WORK ORDER:
Write down exactly the lines from the one below that has "Top priority in" to the end of the data, both ends included; the pictures should not appear in your copy.

DATASET SECTION:
++++++
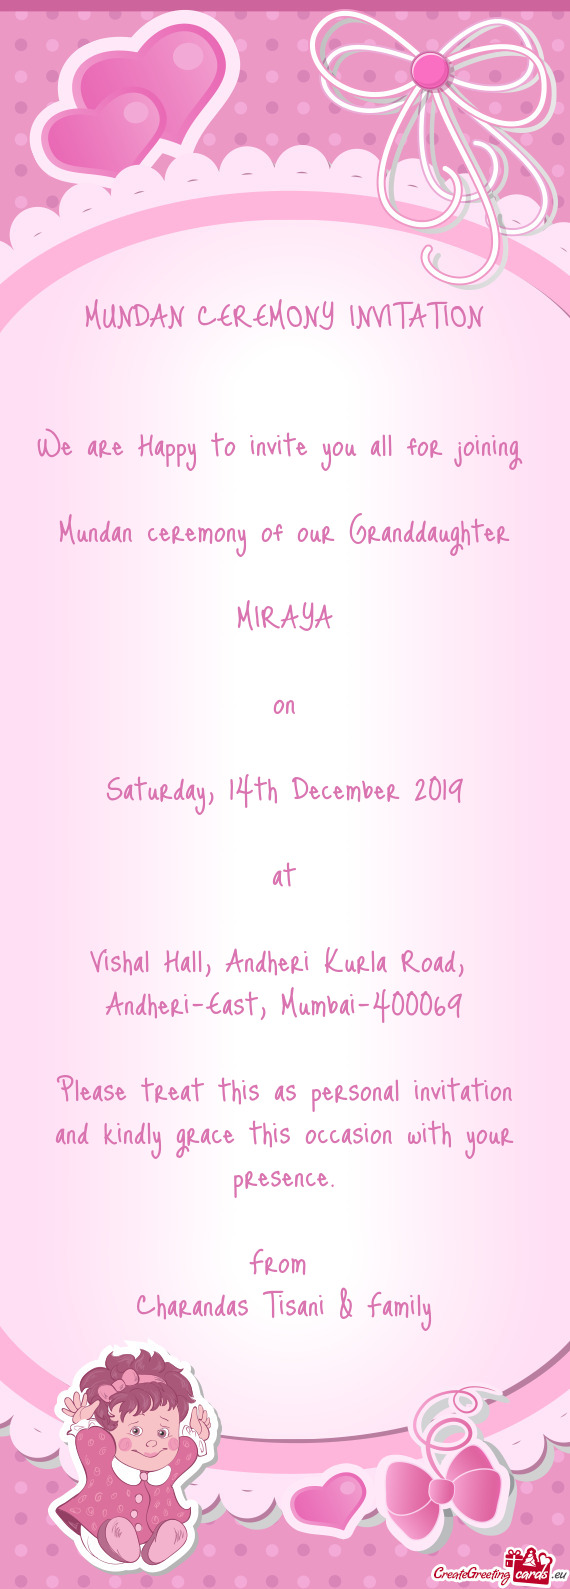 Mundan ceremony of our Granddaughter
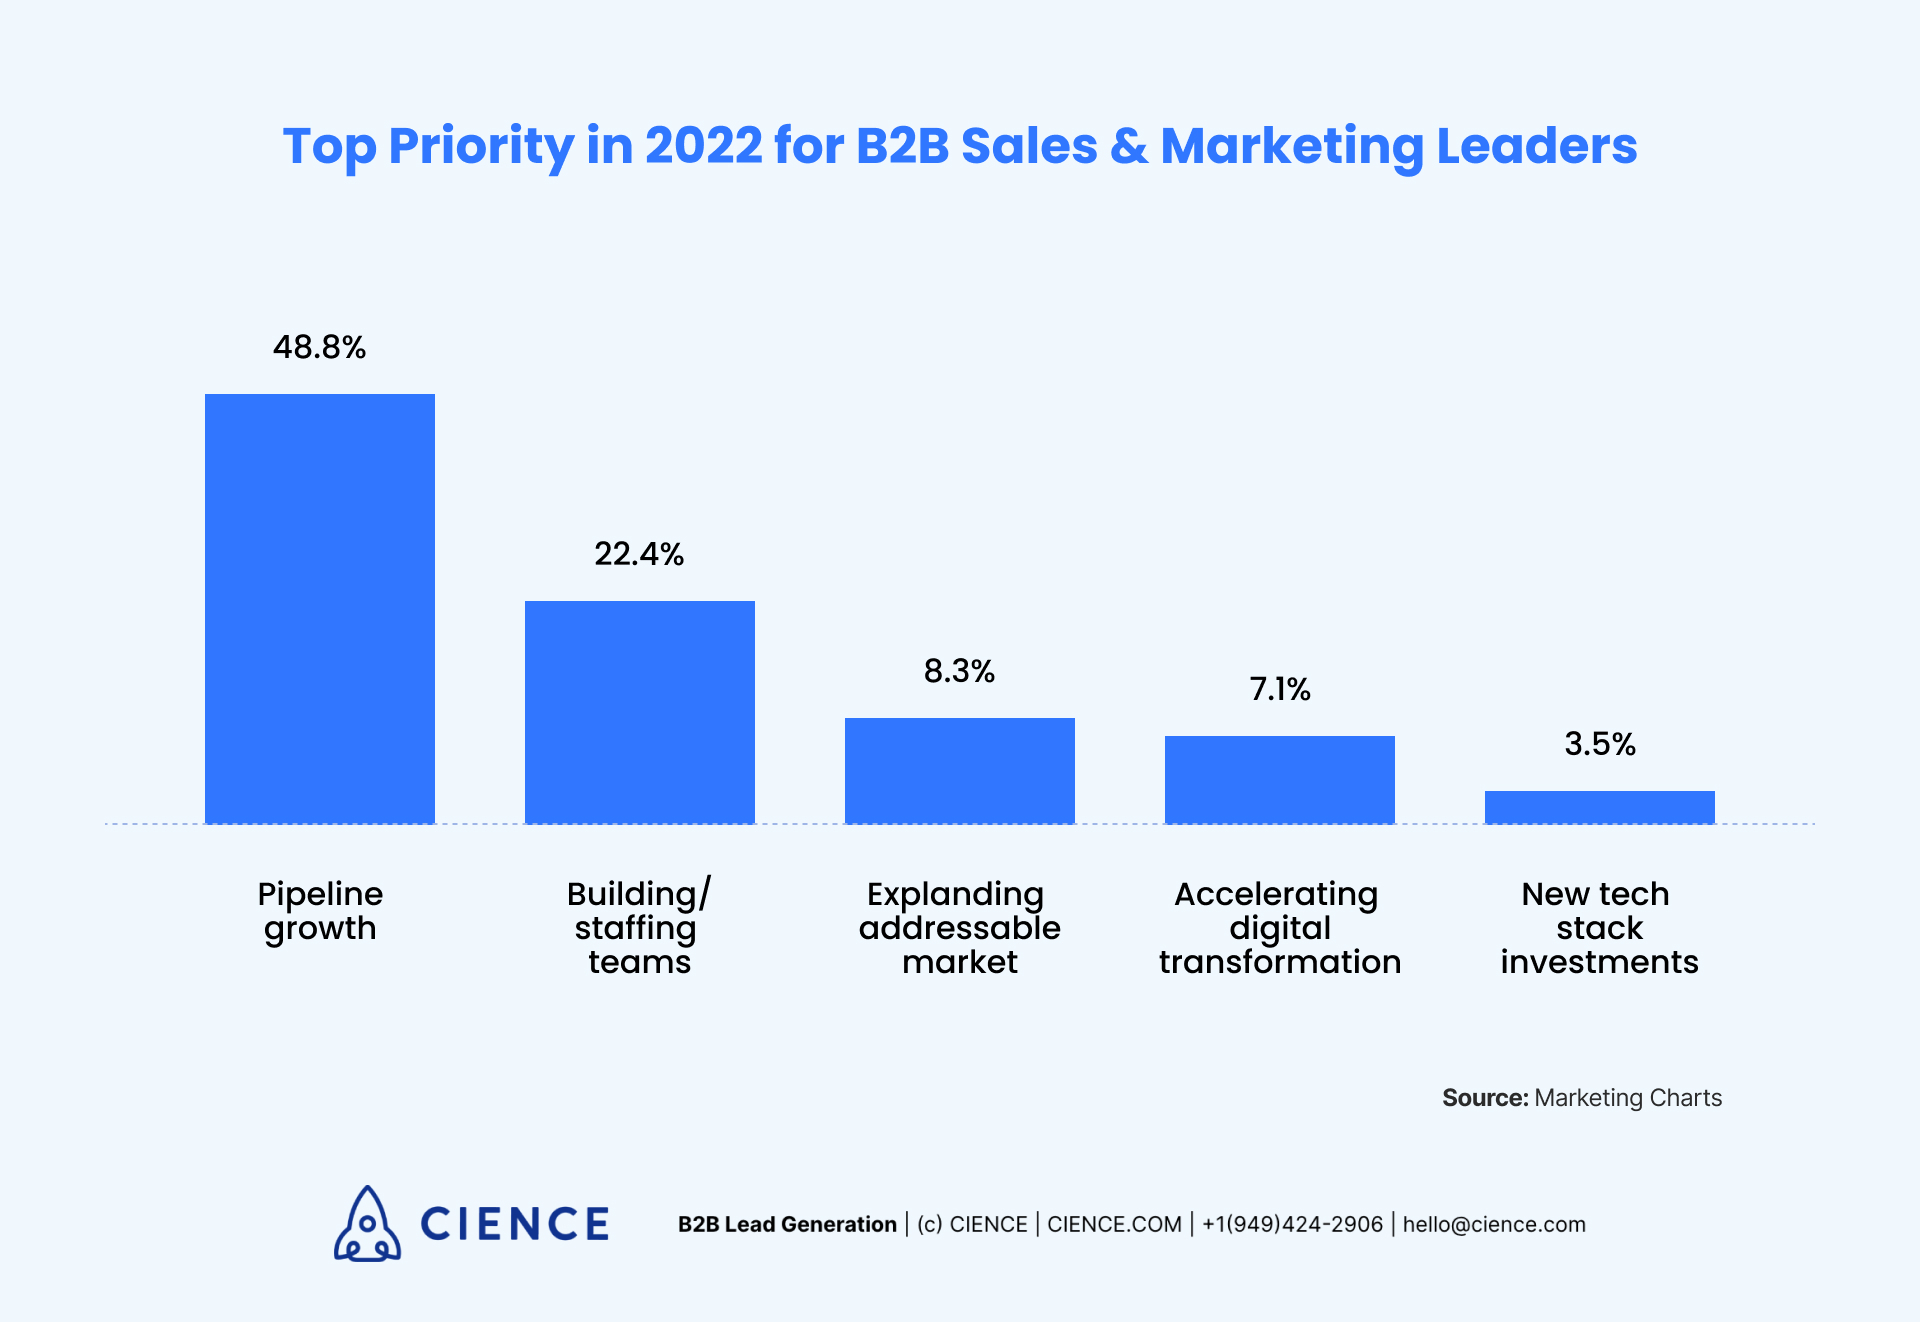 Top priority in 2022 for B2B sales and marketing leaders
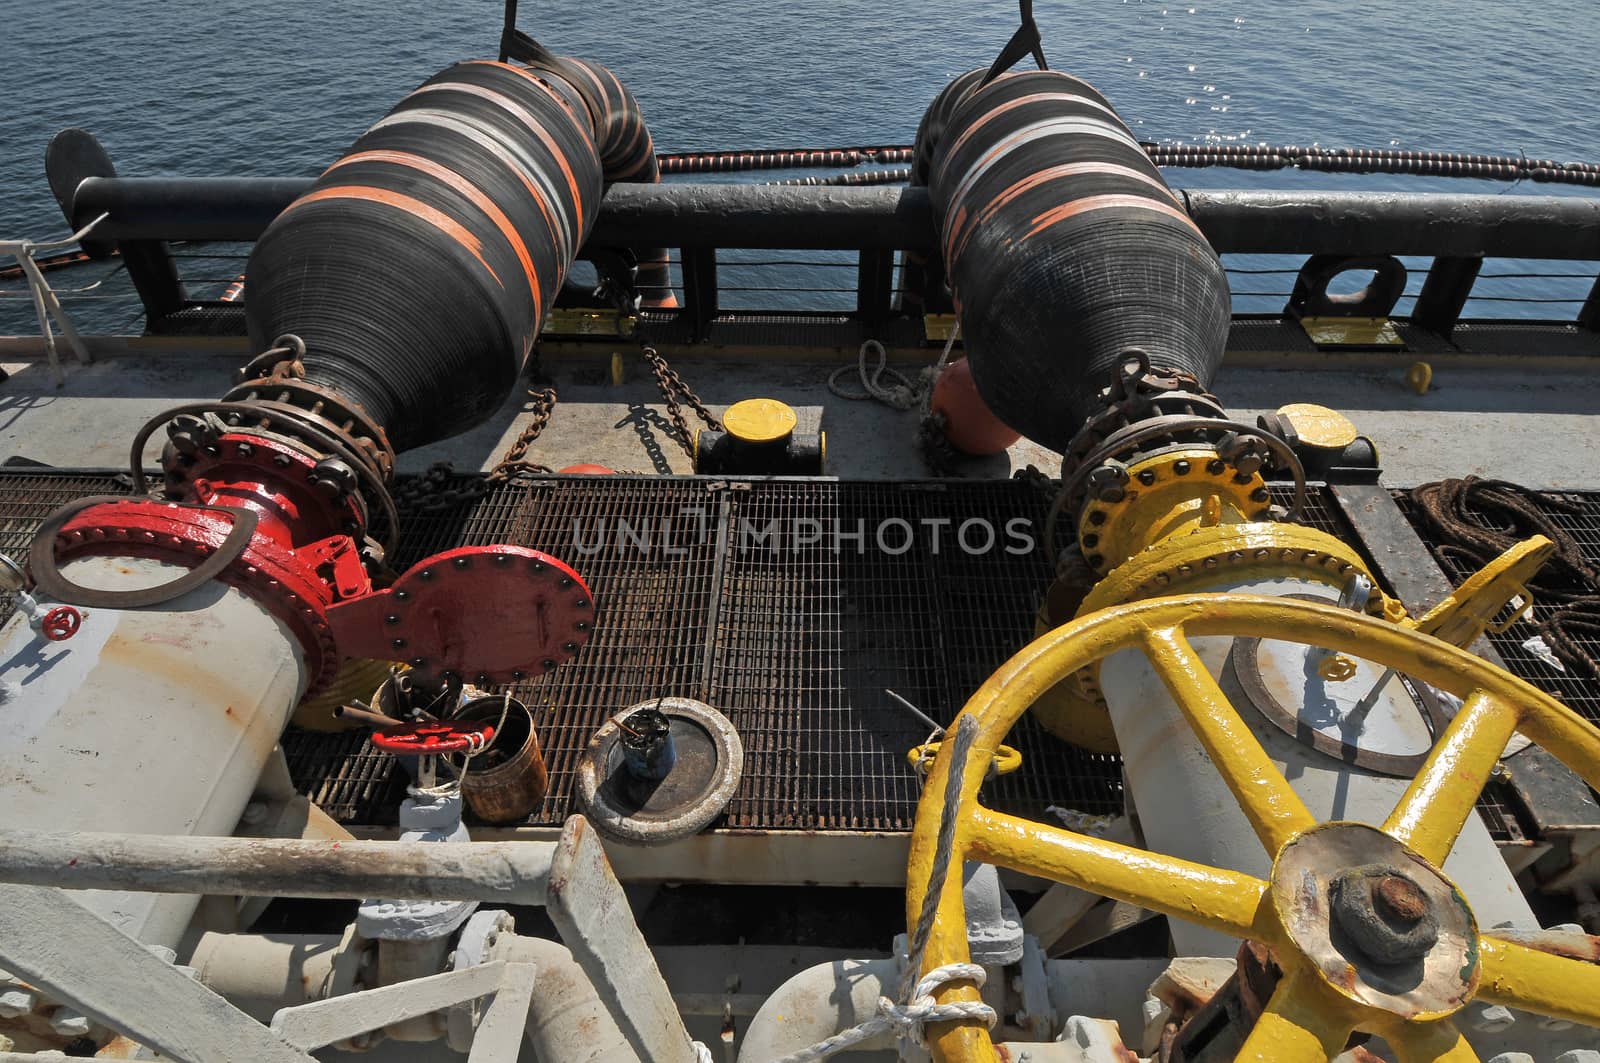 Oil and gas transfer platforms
++++++
OUTPUT BELOW:
 Top priority in 2022 for B2B sales and marketing leaders
 Oil and gas transfer platforms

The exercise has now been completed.